» **What you will do**
Please copy out the full listing that follows exactly; no picture belongs in the copy.

» **Data below**
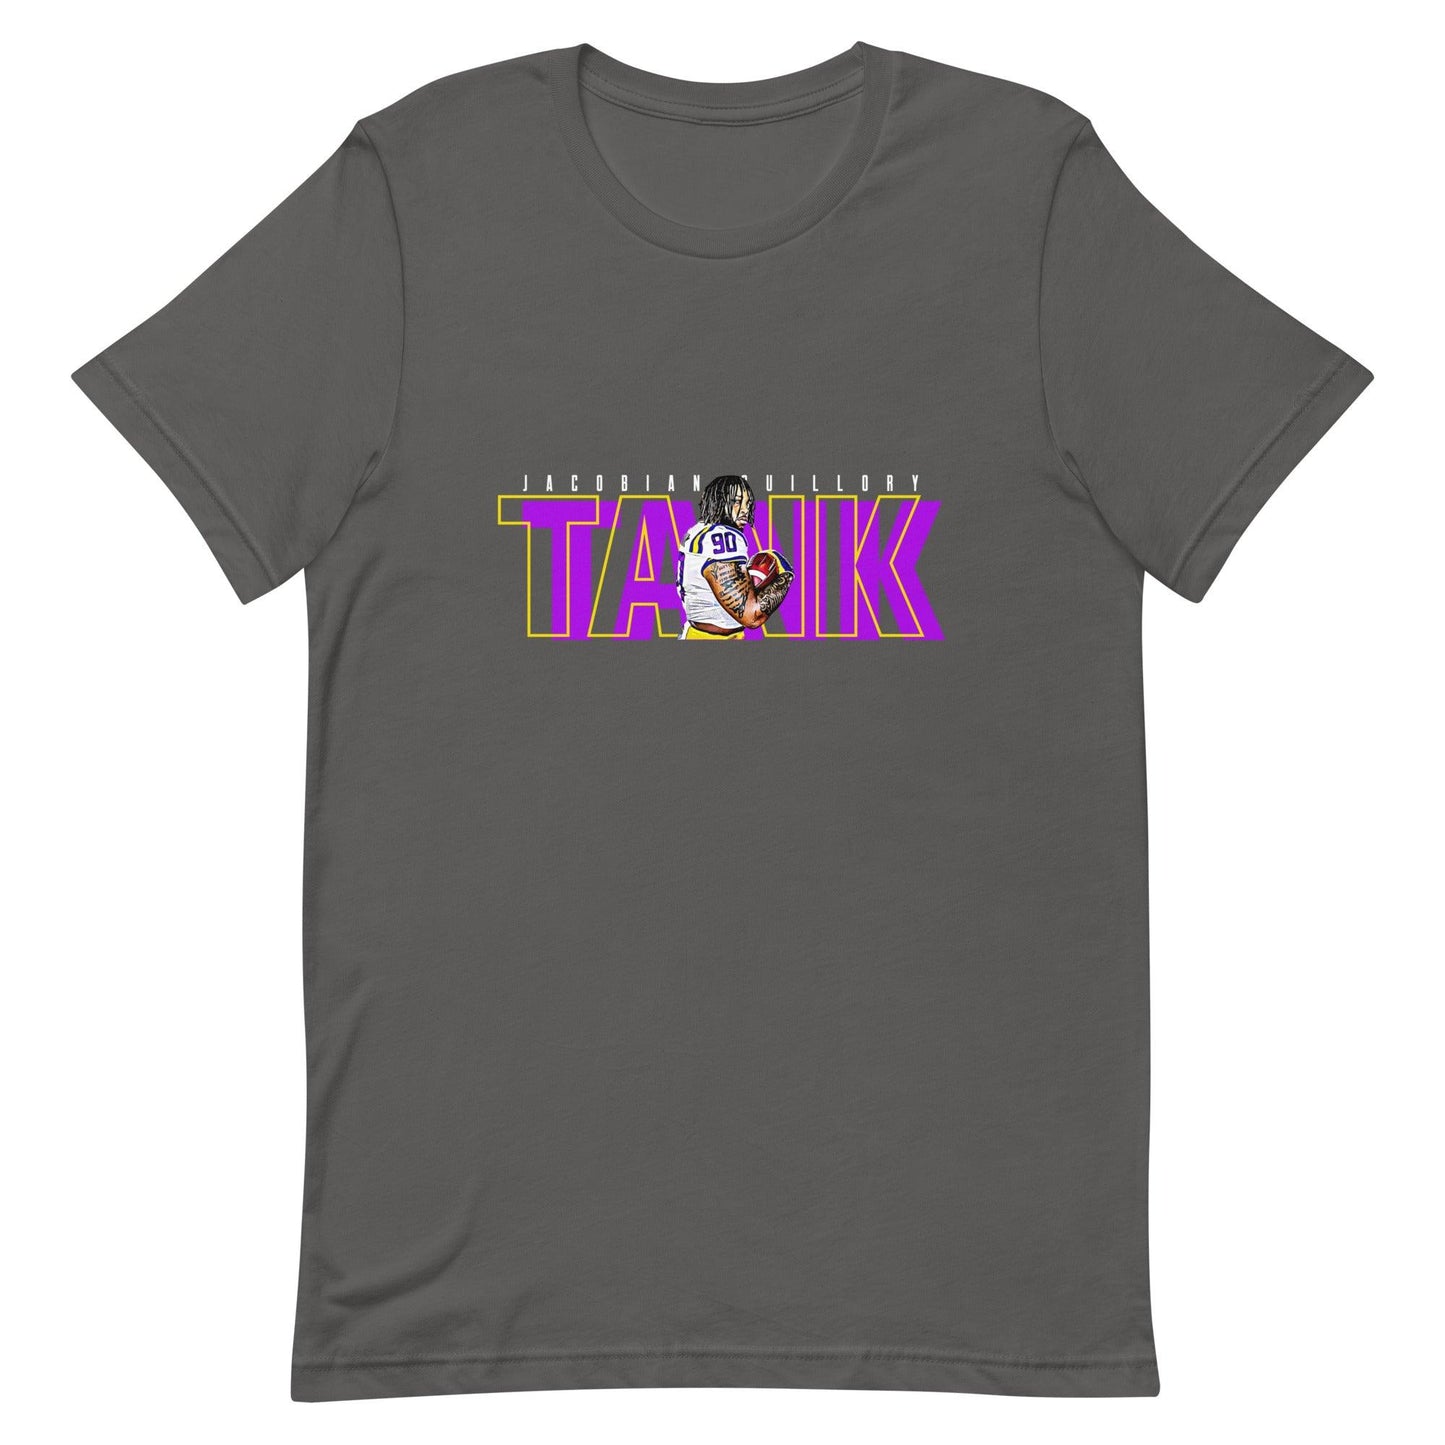 Jacobian Guillory "TANK" t-shirt - Fan Arch
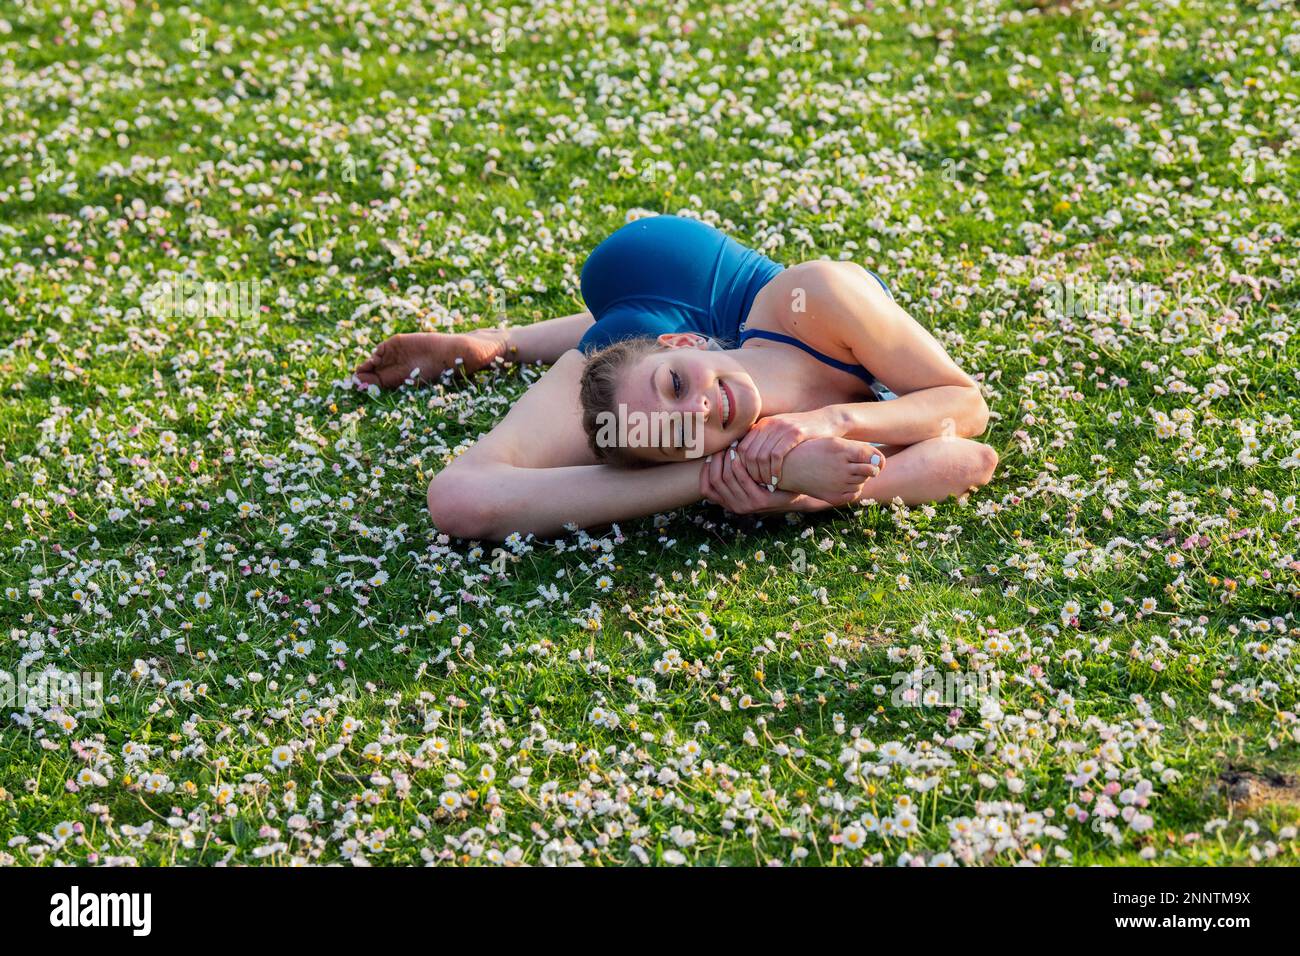 Contorsionniste couché sur une pelouse avec des pâquerettes, parc de Battle point, île de Bainbridge, Washington, États-Unis Banque D'Images
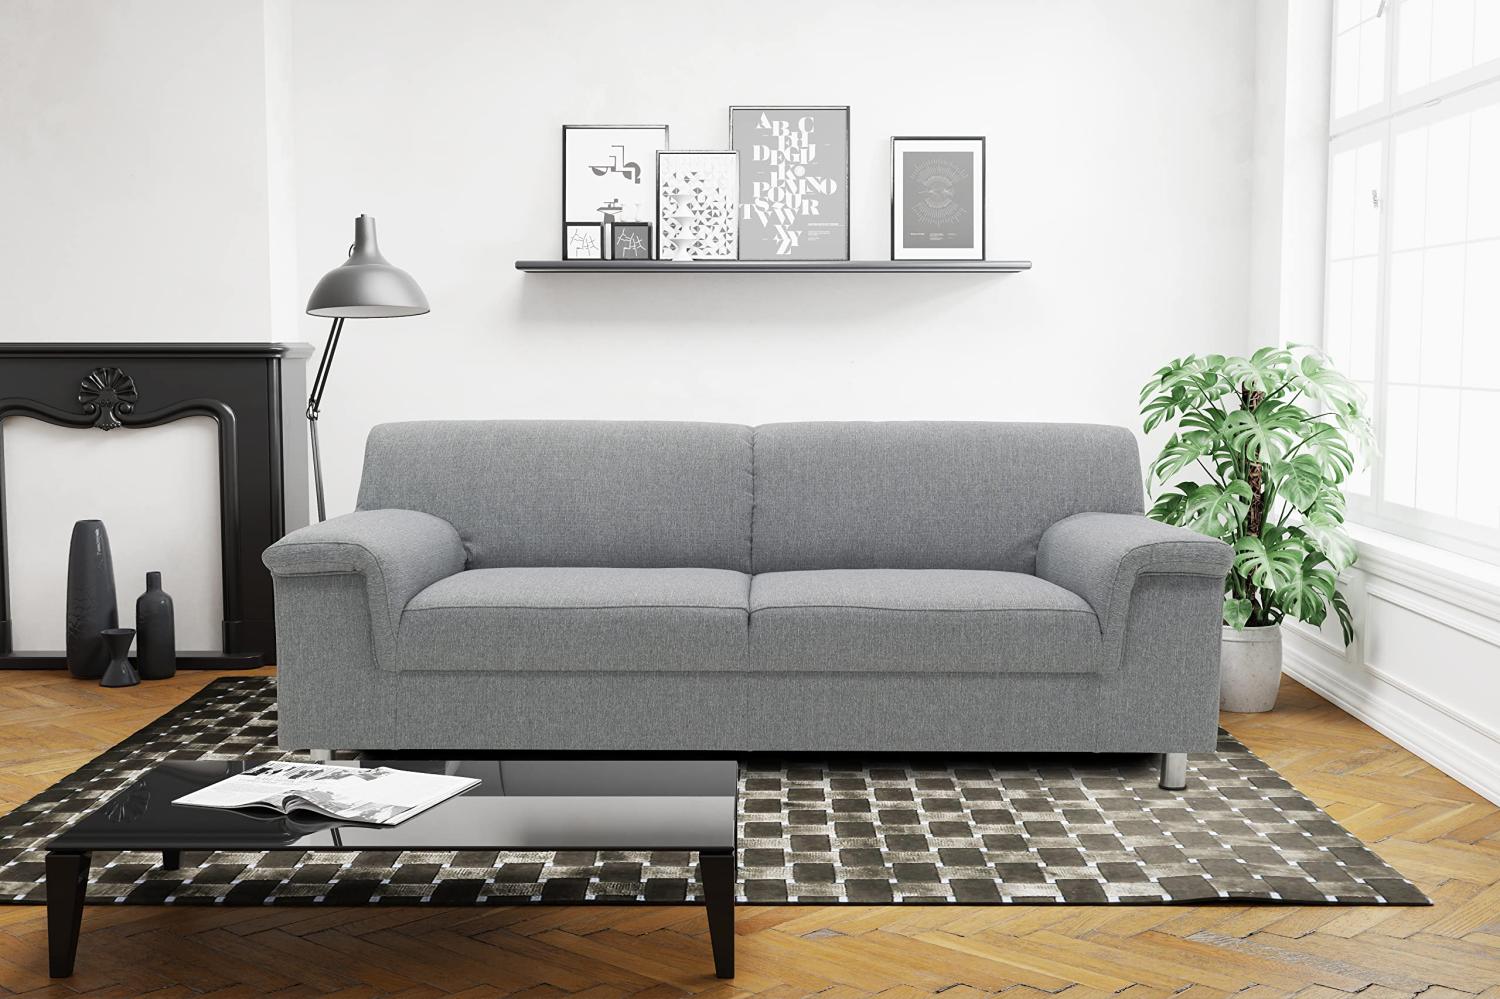 DOMO Collection Jamie Sofa 2er Couch, Garnitur 2 Sitzer, grau, 193 x 80 x 72 cm Bild 1

» **Answer to the exercise**
 Jacobian Guillory "TANK" t-shirt - Fan Arch
 Contorsionniste couché sur une pelouse avec des pâquerettes, parc de Battle point, île de Bainbridge, Washington, États-Unis Banque D'Images
 DOMO Collection Jamie Sofa 2er Couch, Garnitur 2 Sitzer, grau, 193 x 80 x 72 cm Bild 1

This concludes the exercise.